Boyles explains that he is a risk-averse borrower. More certainty around the cost of the money he’s borrowing gives him peace of mind.

It also lets him plan for the future with confidence because he can correctly anticipate his mortgage payment amount. That’s also true of ordinary borrowers who are similarly wary of taking on too much risk.

“When they lock their loans, they’re transferring the risk of the rate rising during the time it takes to process the loan.,” Boyles explains. “They’re giving it to the lender, broker, or loan officer, so they are now responsible for handling that interest rate risk.”

This doesn’t mean you have to agree to a rate lock. But it may suggest that a rate lock is something to look into. To begin, let’s check out the major features of a rate lock.

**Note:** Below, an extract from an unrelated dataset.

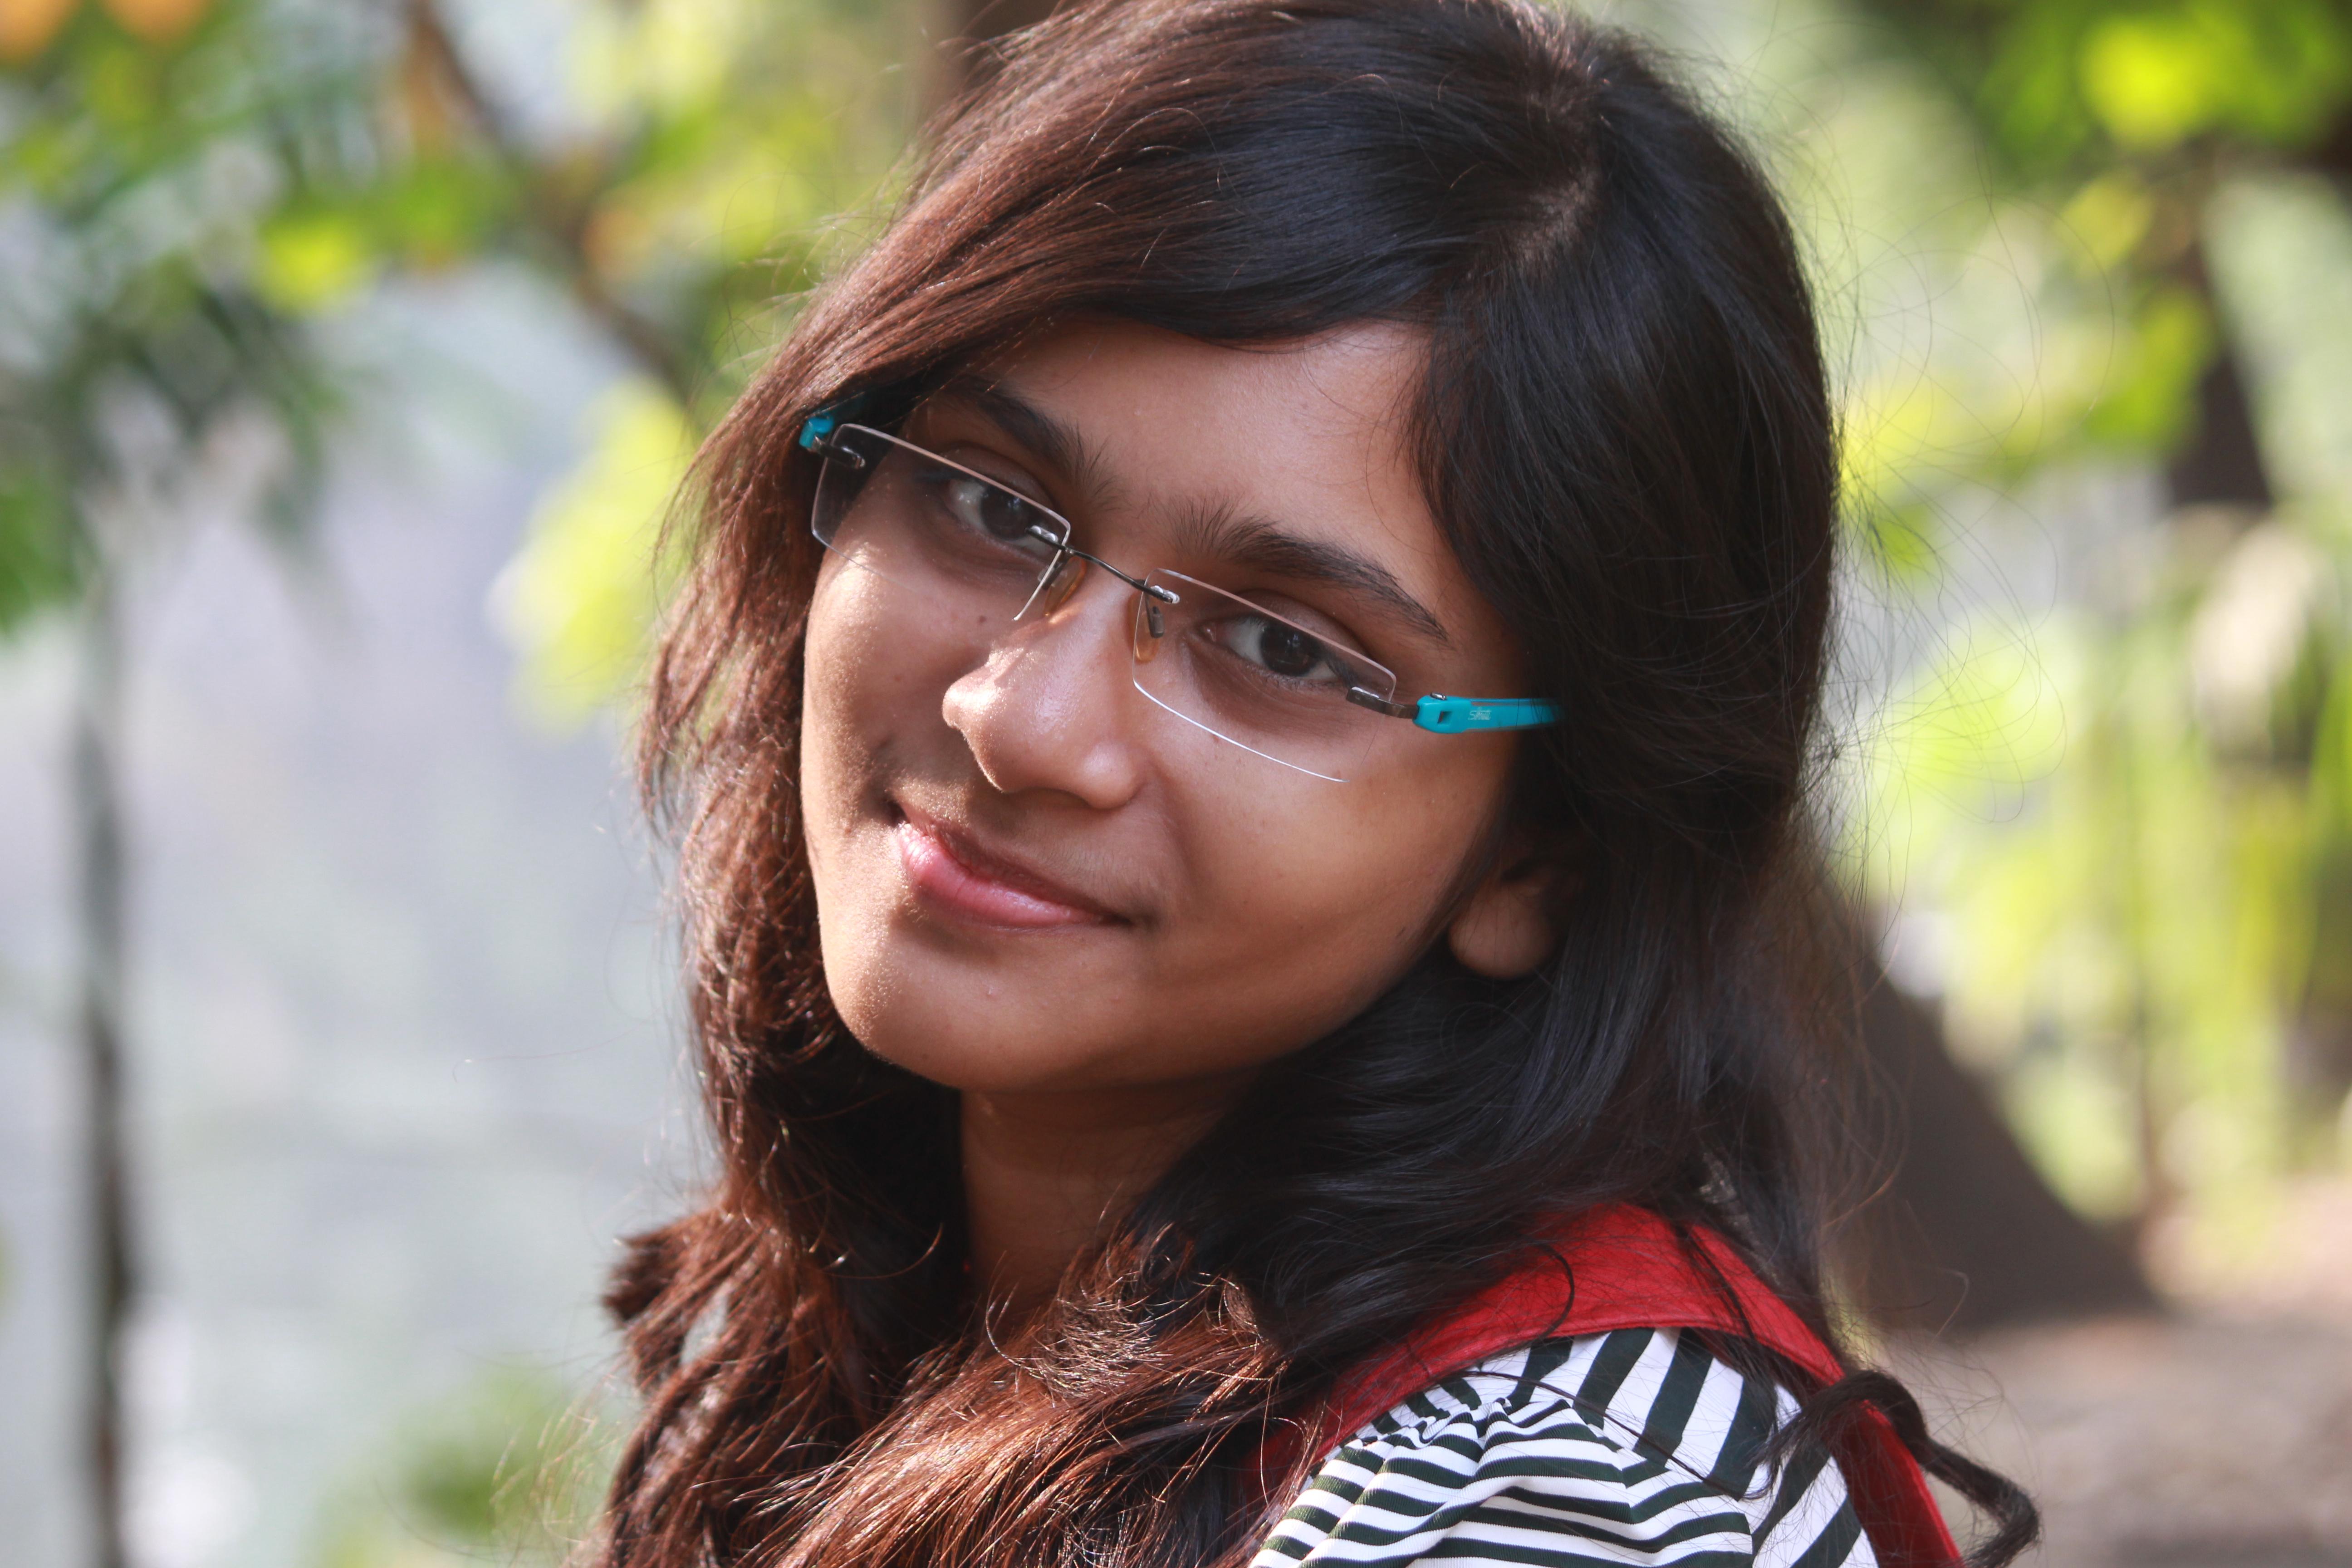 university park hindu single women Meet single women in university park pa online & chat in the forums dhu is a 100% free dating site to find single women in university park.

The main elements of a mortgage rate lock agreement

Here’s what is covered in a typical rate lock agreement:

  • The date the rate lock agreement goes into effect; usually, this is the day you agree to the lock
  • The date the rate lock expires — typically 30, 60, or 90 days from the date it starts
  • The actual rate you’re locking in (expressed as a percentage)
  • The cost of the rate lock — shorter rate locks are often free, but lenders may ask you to pay 0.25% to 0.50% of the loan amount for a longer rate lock
  • The mortgage program you’re using, including whether your mortgage rate is fixed (set for the life of the loan) or adjustable (will fluctuate, typically after an introductory fixed period), and the loan term, such as 15 or 30 years
  • Any discount points you may be paying to get the offered rate

A rate lock agreement often will include a float-down provision that describes what happens if rates go down before your closing. It also covers what happens if you don’t close the loan before the rate lock expires.

Why would you want a mortgage rate lock?

The short answer to why you might want a rate lock is simply because rates are moving constantly, and even small changes can add up to a lot of money over years and decades.

Historical rate information from Freddie Mac shows that rates are almost never the same from one month to the next. While most monthly differences are around one-tenth of one percentage point or thereabouts, it’s not unusual for rates to vary by as much as a quarter of a percentage point or more during the course of a single month. That might sound like a small amount, but these fluctuations can make a significant difference in your monthly payment.

Let’s look at an example: You are buying a $300,000 home and putting $60,000 down (20% down). You’ll borrow $240,000 with a 30-year mortgage, and you can lock in your interest rate today at 7.5% without spending money on points (which you buy upfront to decrease your mortgage interest rate).

If you lock your rate in today, your estimated monthly payment will be $1,927, including estimated escrow payments for taxes and insurance. Over the 30-year life of the loan, you’ll pay a total of $364,121 interest.

In this hypothetical example, you decide not to lock in your rate. By the time you close, rates have climbed to 7.75%. This quarter of a percentage point difference means your monthly payment will now be $1,969, and the total interest you’ll pay has climbed to $378,980. That’s an increase of $14,859 over the life of the loan.

The $42 increase in the monthly payment might not seem significant, but remember that any increase in the monthly payment increases your debt-to-income ratio. Debt-to-income compares your total monthly debt payments to your total income. If this figure slips below the acceptable level — many lenders look for a ratio below 43% — you may have to come up with a bigger down payment to qualify for a loan.